The Greenhouse Gas Protocol provides standardized frameworks and tools for measuring, managing, and reporting greenhouse gas emissions across different organizational and geographic scales.

Climate change is a challenge defined by identifiable factors; it is well-understood that greenhouse gas (GHG) emissions are driving the global temperature rise, and the specific activities leading to these emissions are known.

The tricky part is getting everyone to reduce their emissions in a clear and consistent manner. Accounting for these reductions requires data, so companies need guidelines for data collection, measurement, and reporting. The Greenhouse GasProtocol standards make it easier to do these things. 

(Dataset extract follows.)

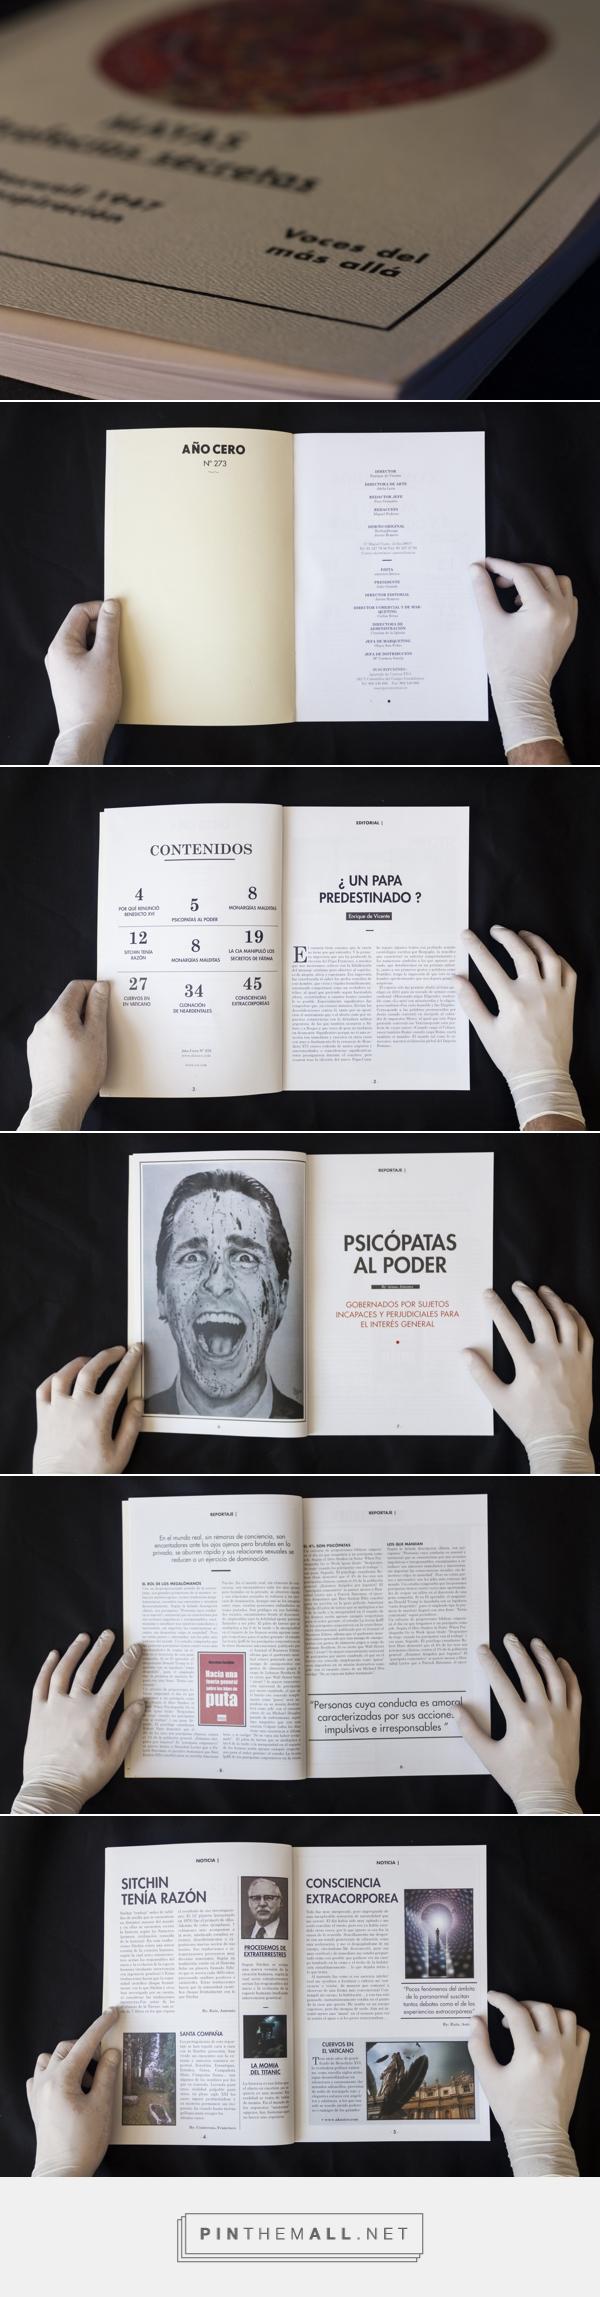 Rediseño Año Cero (Parte I: Revista) | Domestika - created via http://pinthemall.net

To develop standards that are useful to all kinds of entities, the GHG Protocol spends time working with governments, NGOs, industry associations, and businesses to develop useful standards for lowering emissions. It regularly updates its standards and adds new ones for specific use cases. 

In essence, the Protocol supports a data-driven approach to addressing climate change. This helps make the alarming, complex, and long-term problem of climate change more manageable.  

The GHG Protocol aids organizations in advancing their climate action efforts by identifying key priorities for reducing GHG emissions, encompassing both direct and indirect emissions within their operations and across their value chains. This way, companies can gain clarity on the most impactful actions they can take to address climate change. 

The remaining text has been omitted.